How a Dietitian Can Help
A diabetes dietitian is a nutrition expert and licensed healthcare professional.
They offer comprehensive nutrition counseling to help you optimize your blood sugar levels and decrease your risk of developing type 2 diabetes.
Find a dietitian who accepts insurance through Nourish.
Do you have any of these insurances?
Frequently Asked Questions
The CDC recommends lifestyle and dietary changes to support stable blood sugar levels.
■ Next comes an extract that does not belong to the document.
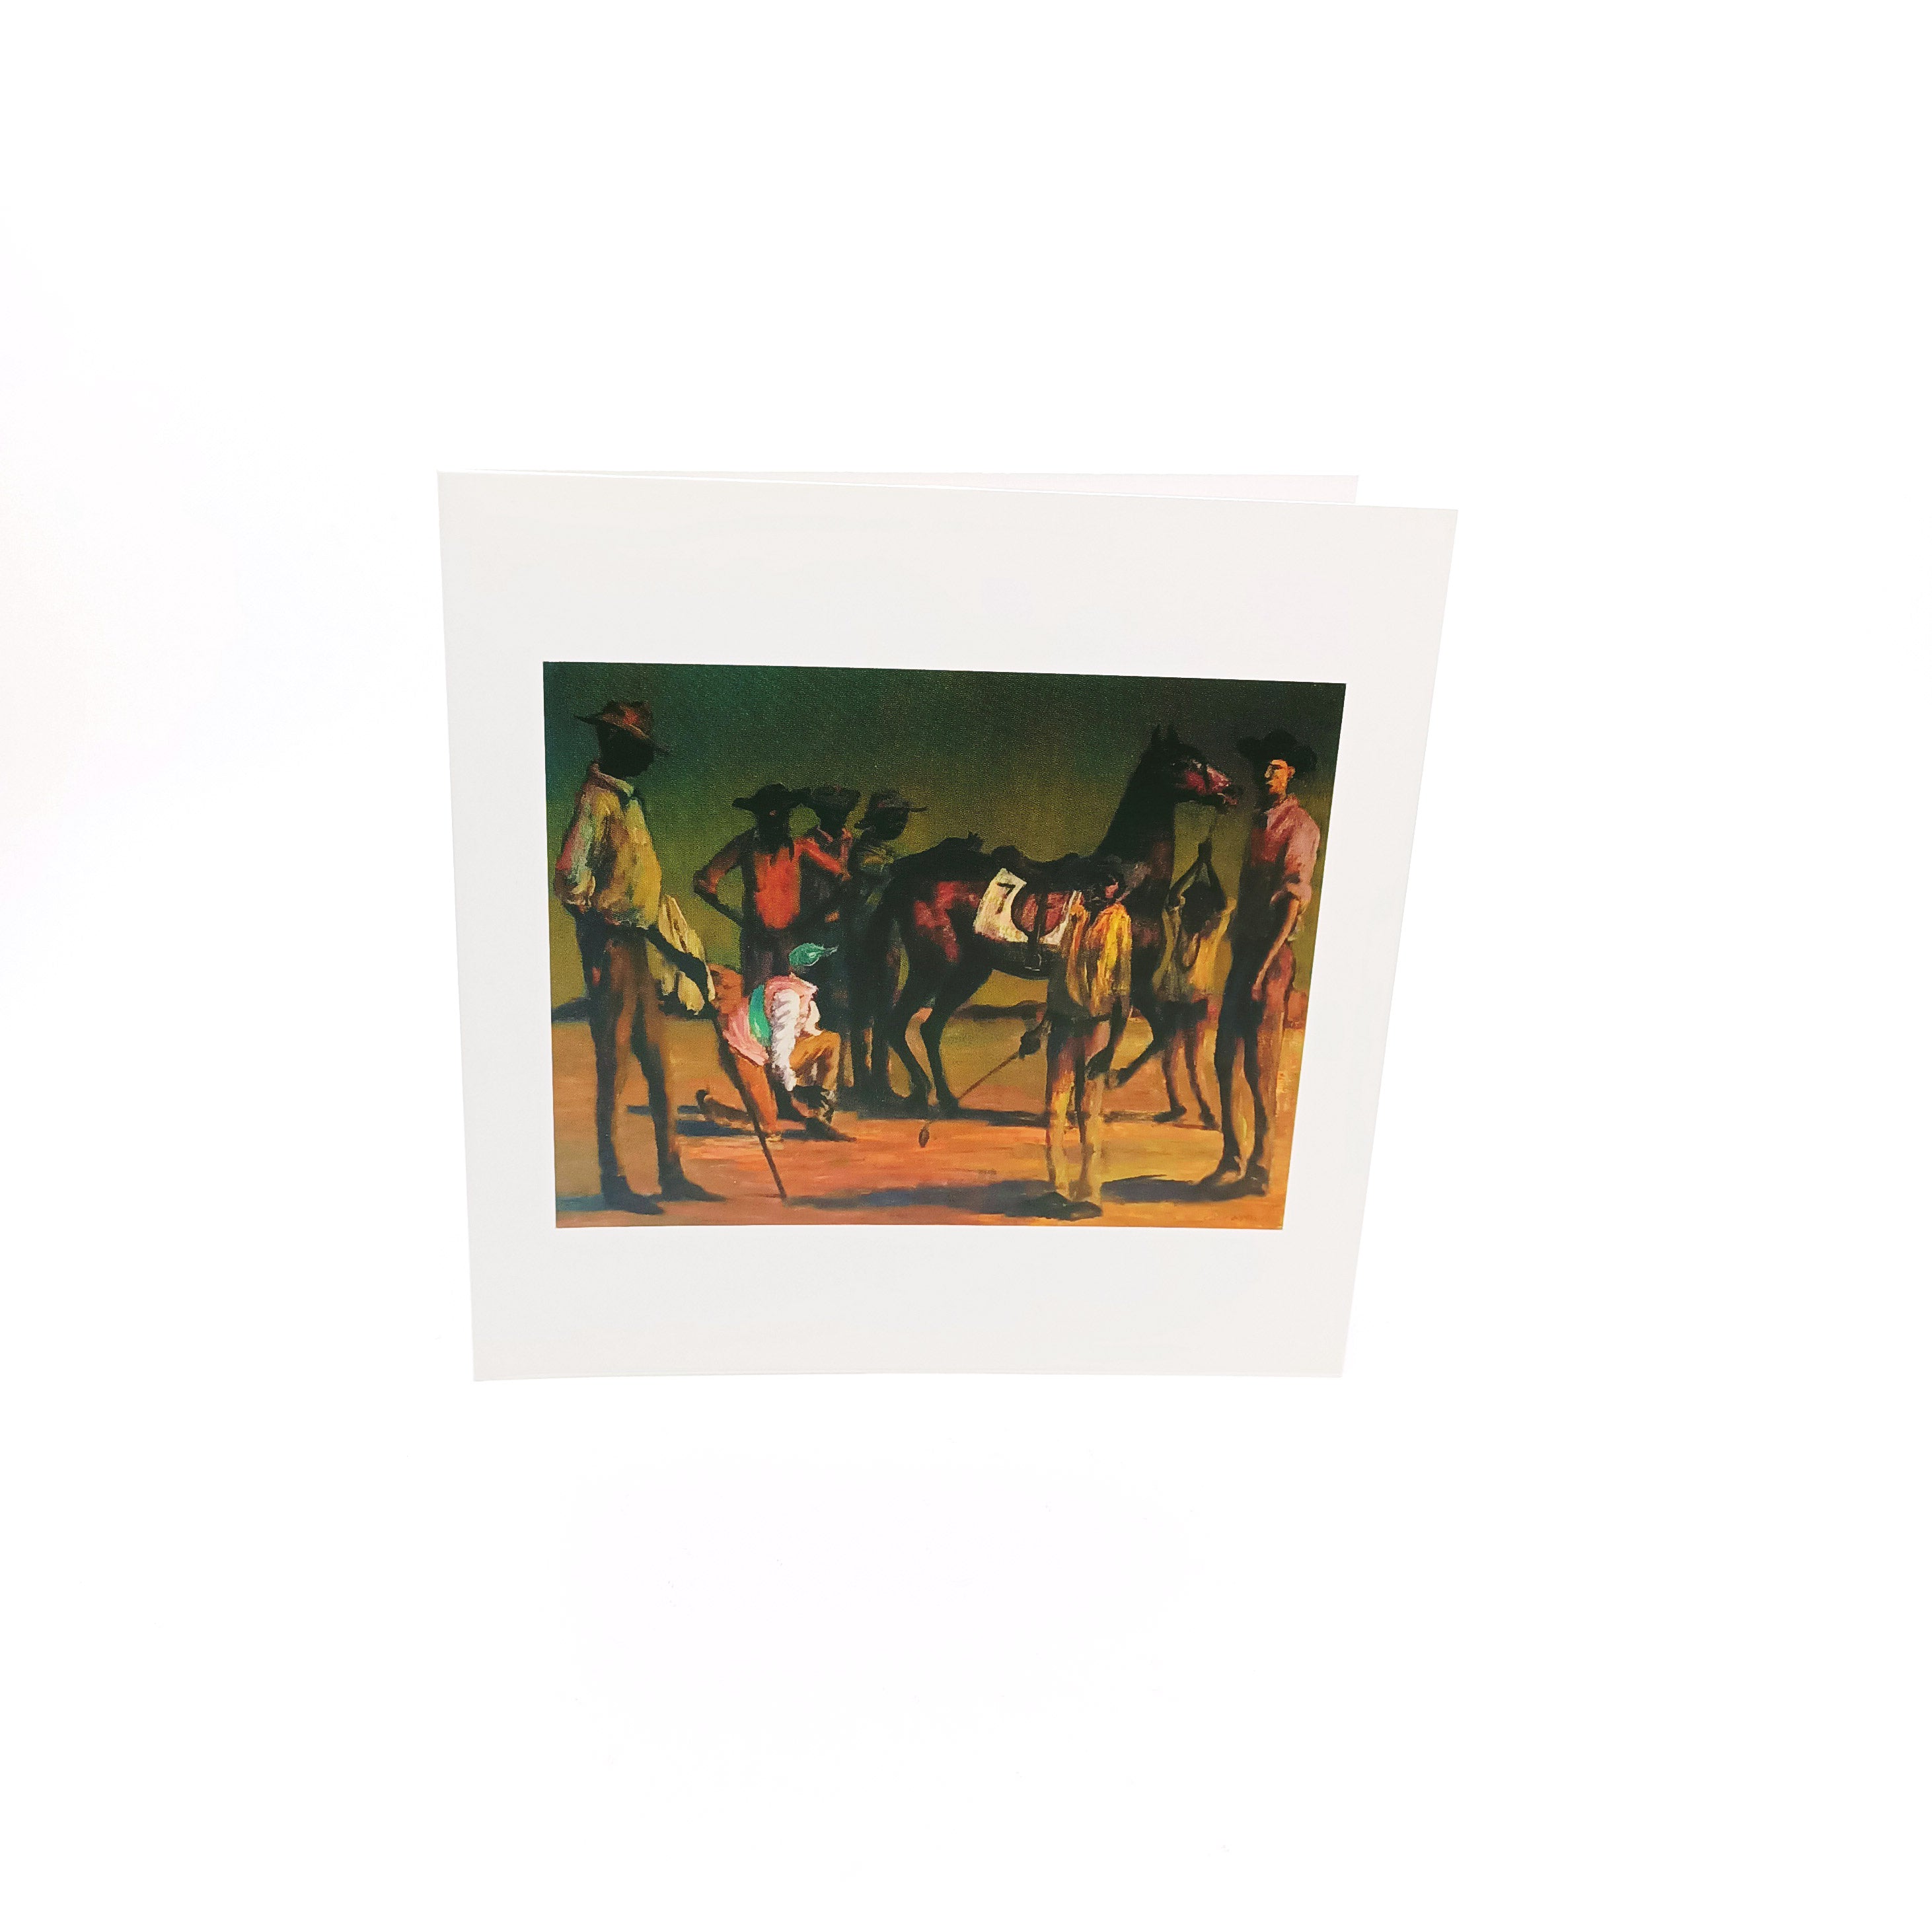 TarraWarra Museum of Art — Greeting Card packs
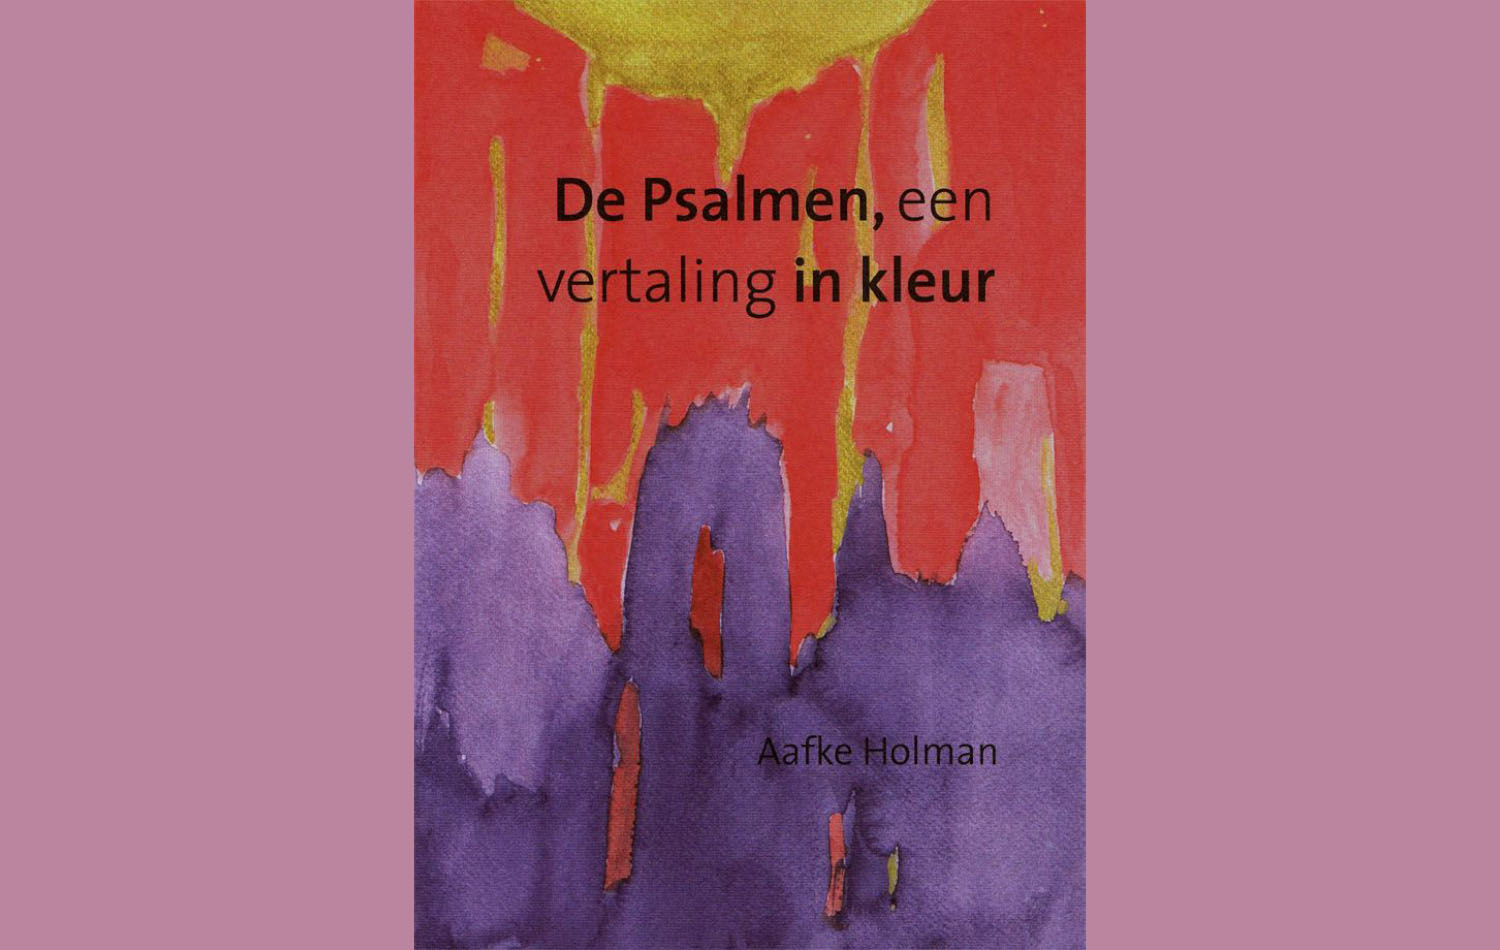 boekkaft van de psalmen in kleur ©Aafke Holman

You can start making changes today by completing physical activity and choosing fiber-rich foods low in added sugars. You may also benefit from starting blood sugar-lowering medications.
People with prediabetes can eat the same foods as everyone else but have a particular focus on the macronutrient distribution at meals. Following the Diabetes Plate method is simple and easy to follow while dining out:
- A quarter of your plate is for lean protein.
- A quarter is for grains and carbohydrates.
- Half your plate is for non-starchy vegetables.
Remember your beverage choices, too. Drink plain water or unsweetened tea to limit your intake of added sugars.
Many healthcare providers recommend eating generous portions of non-starchy vegetables at meals. These vegetables don’t contain carbohydrates and shouldn’t affect blood sugar levels.
A few examples are:
- Tomatoes.
- Cucumber.
- Bell peppers.
- Zucchini.
- Eggplant.
- Radishes.
- Spinach and other leafy greens.
- Cabbages.
These foods have fiber, and eating more may influence bowel movements.